(Problem statement) The required output holds only the lines from the one containing "tests by llyse" through the end of the material below, copied exactly, please, with no pictures.

(Supplied data)

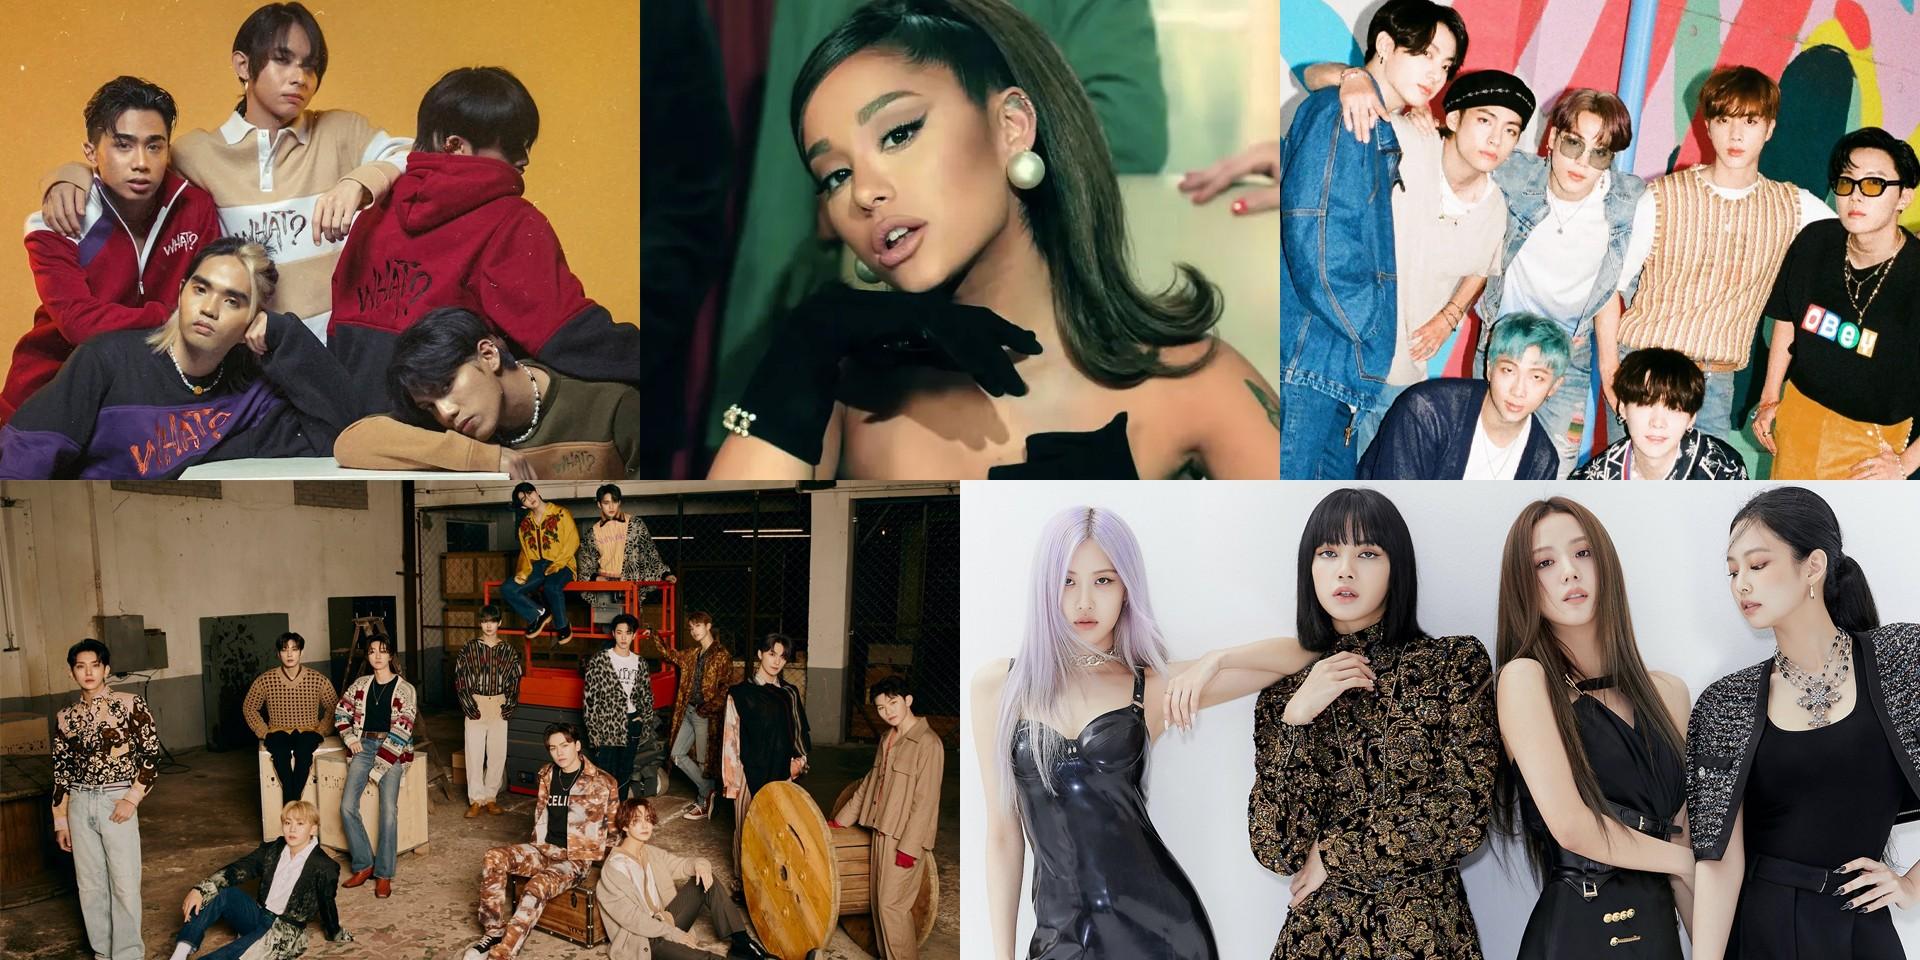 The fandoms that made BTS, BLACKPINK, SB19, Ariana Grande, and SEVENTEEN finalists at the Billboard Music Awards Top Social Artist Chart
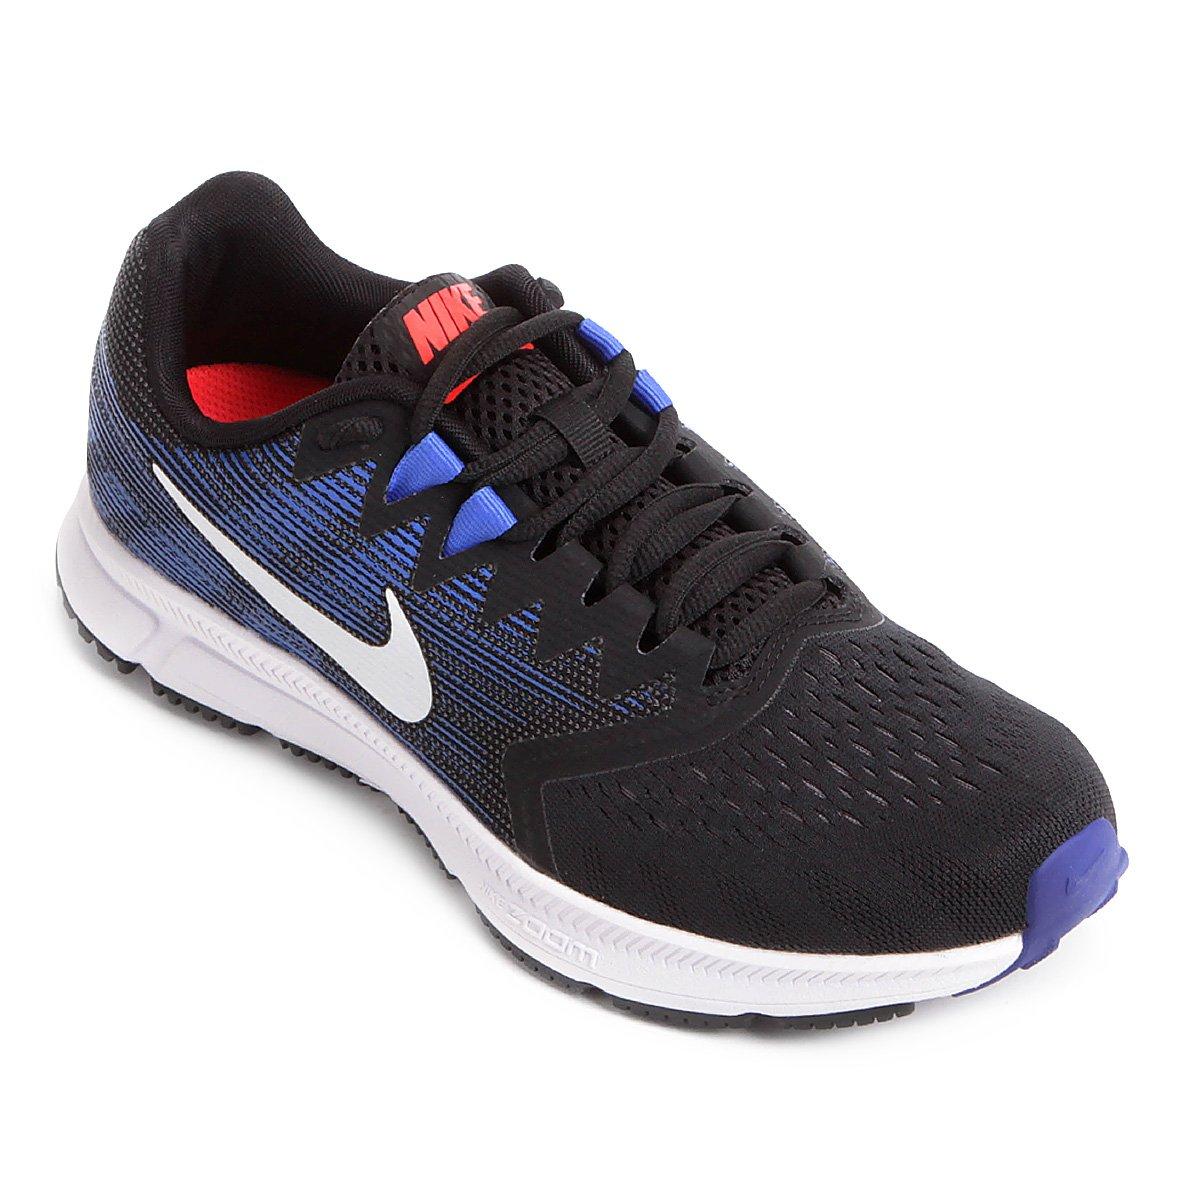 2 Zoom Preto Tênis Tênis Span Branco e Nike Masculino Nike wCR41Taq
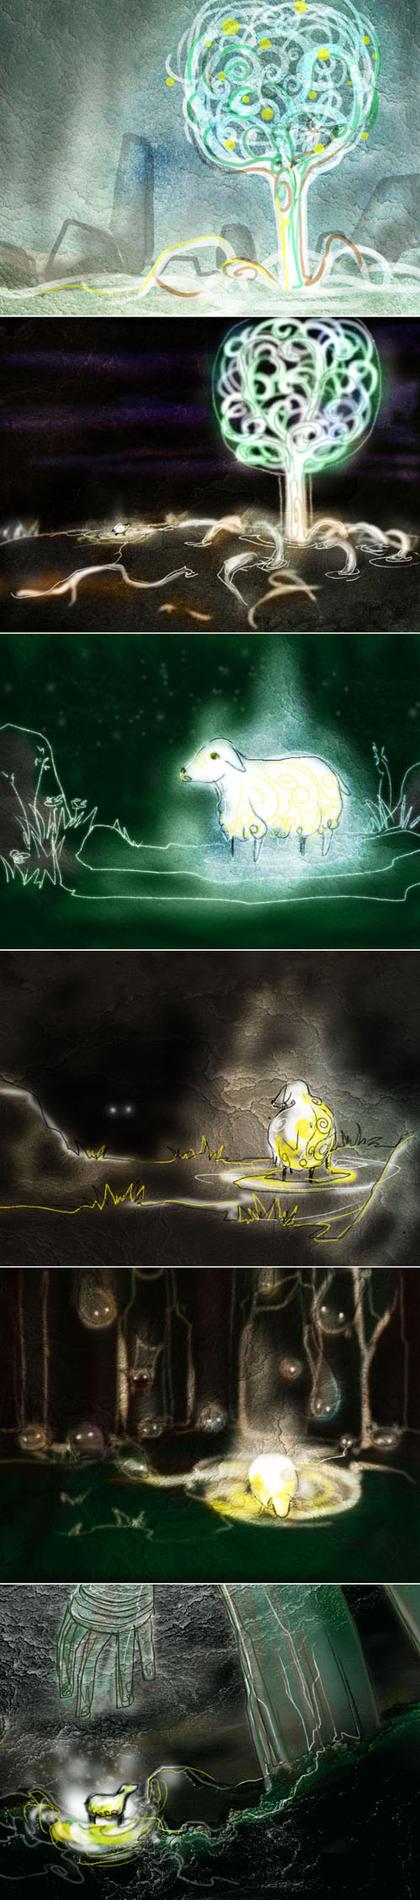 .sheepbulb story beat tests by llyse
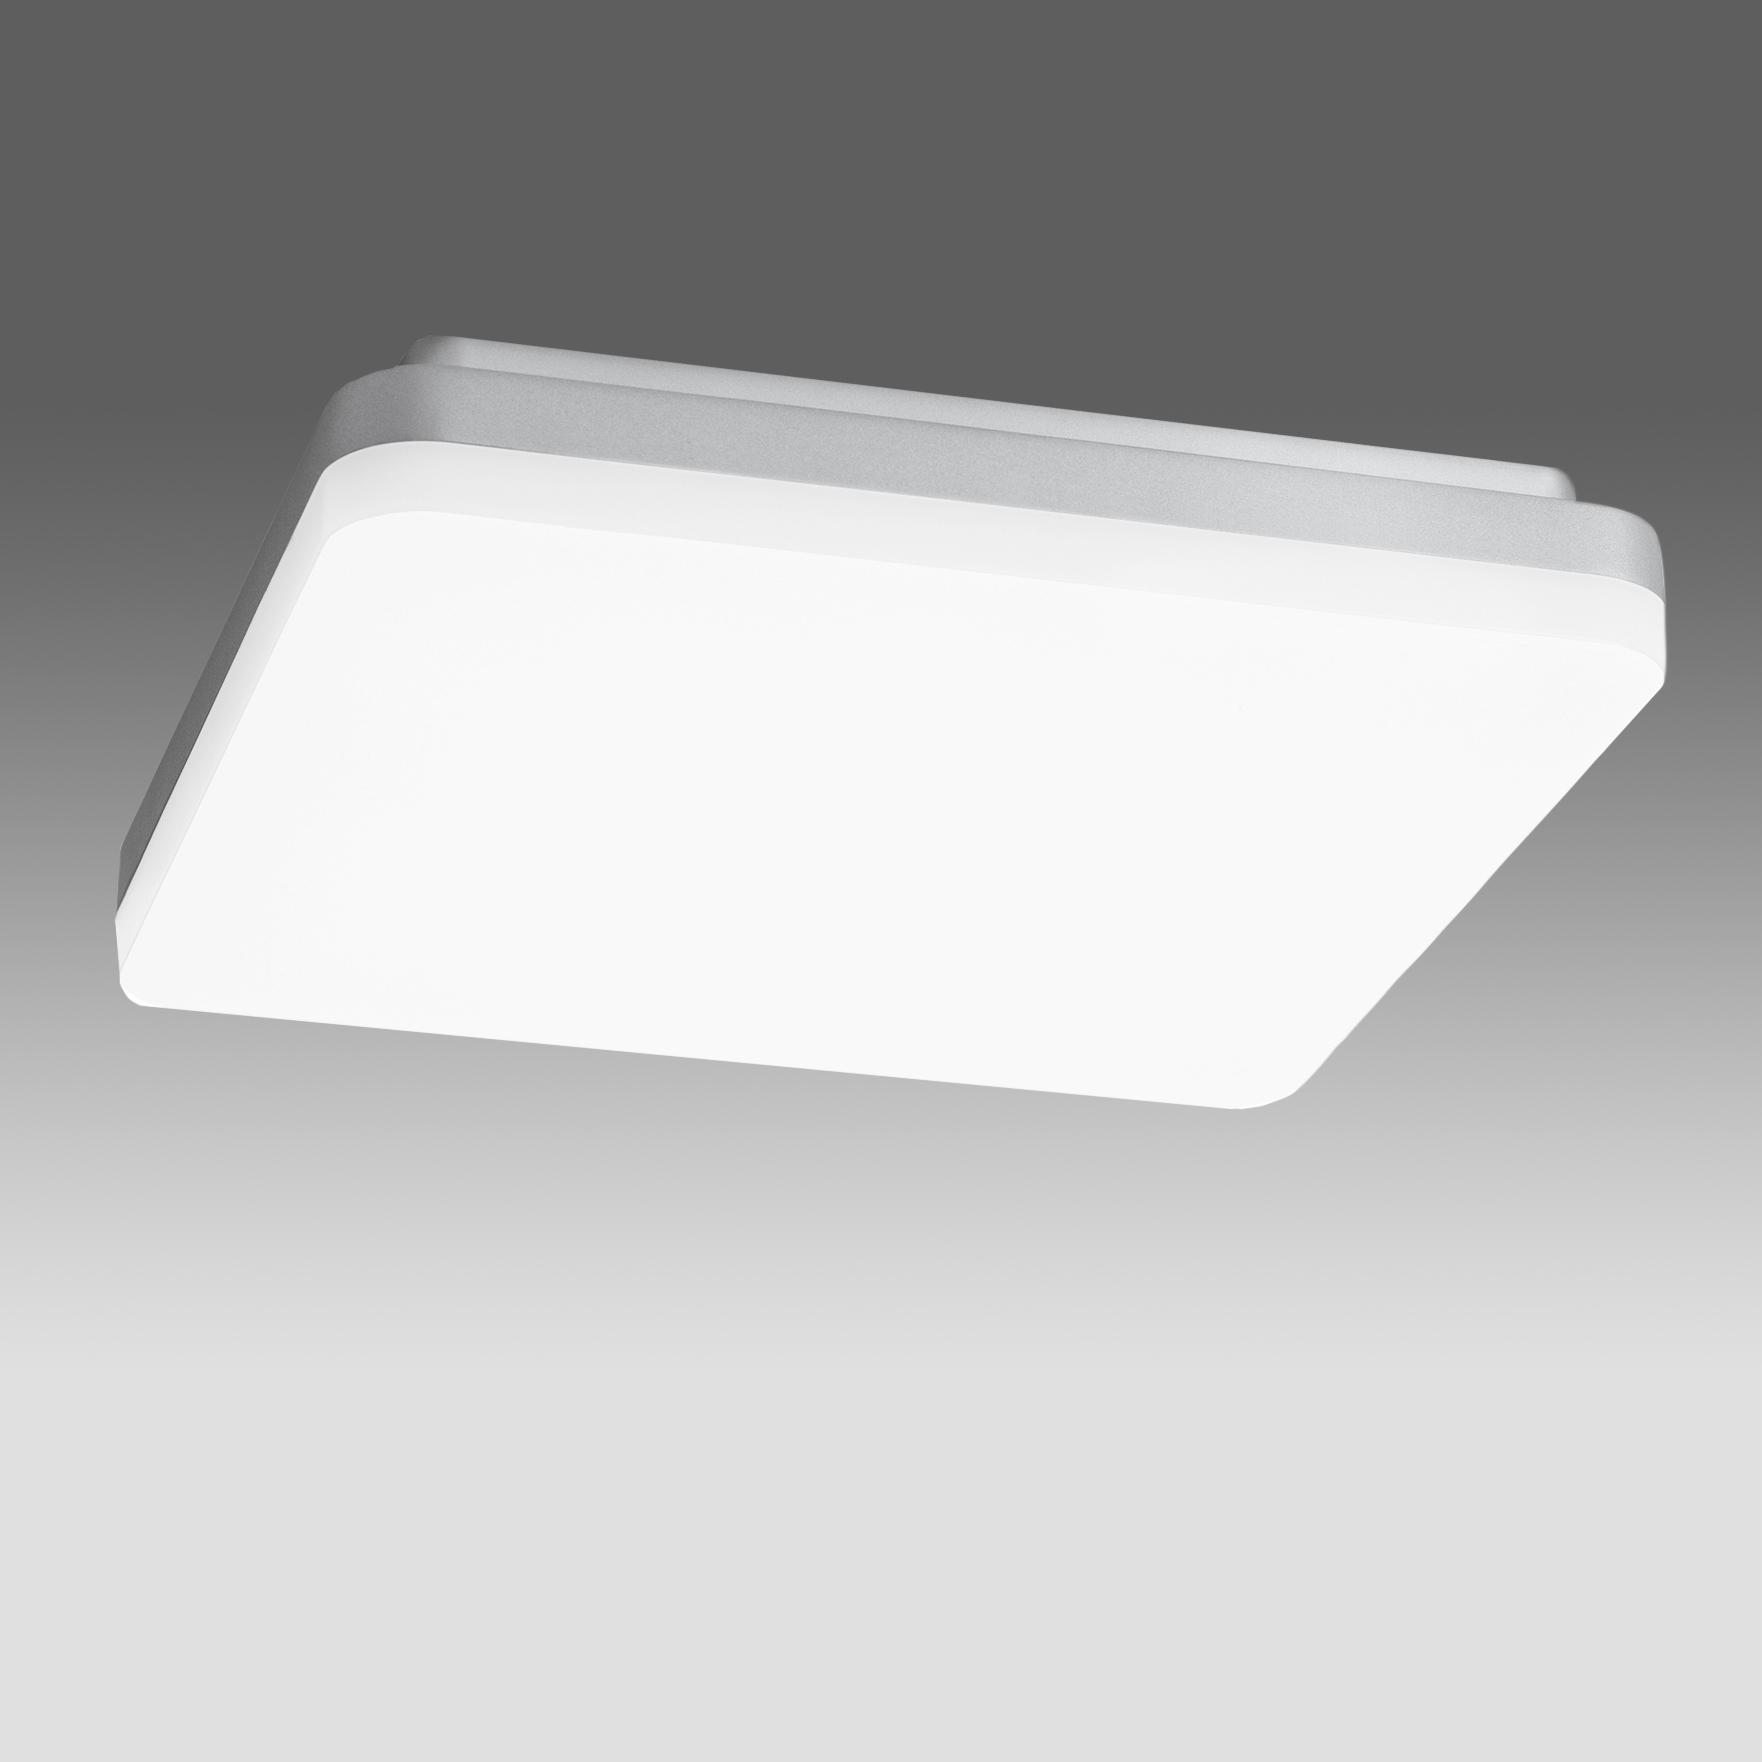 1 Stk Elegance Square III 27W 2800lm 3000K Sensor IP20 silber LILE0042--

(End Supplied data)

(Exercise output)
 .sheepbulb story beat tests by llyse
 1 Stk Elegance Square III 27W 2800lm 3000K Sensor IP20 silber LILE0042--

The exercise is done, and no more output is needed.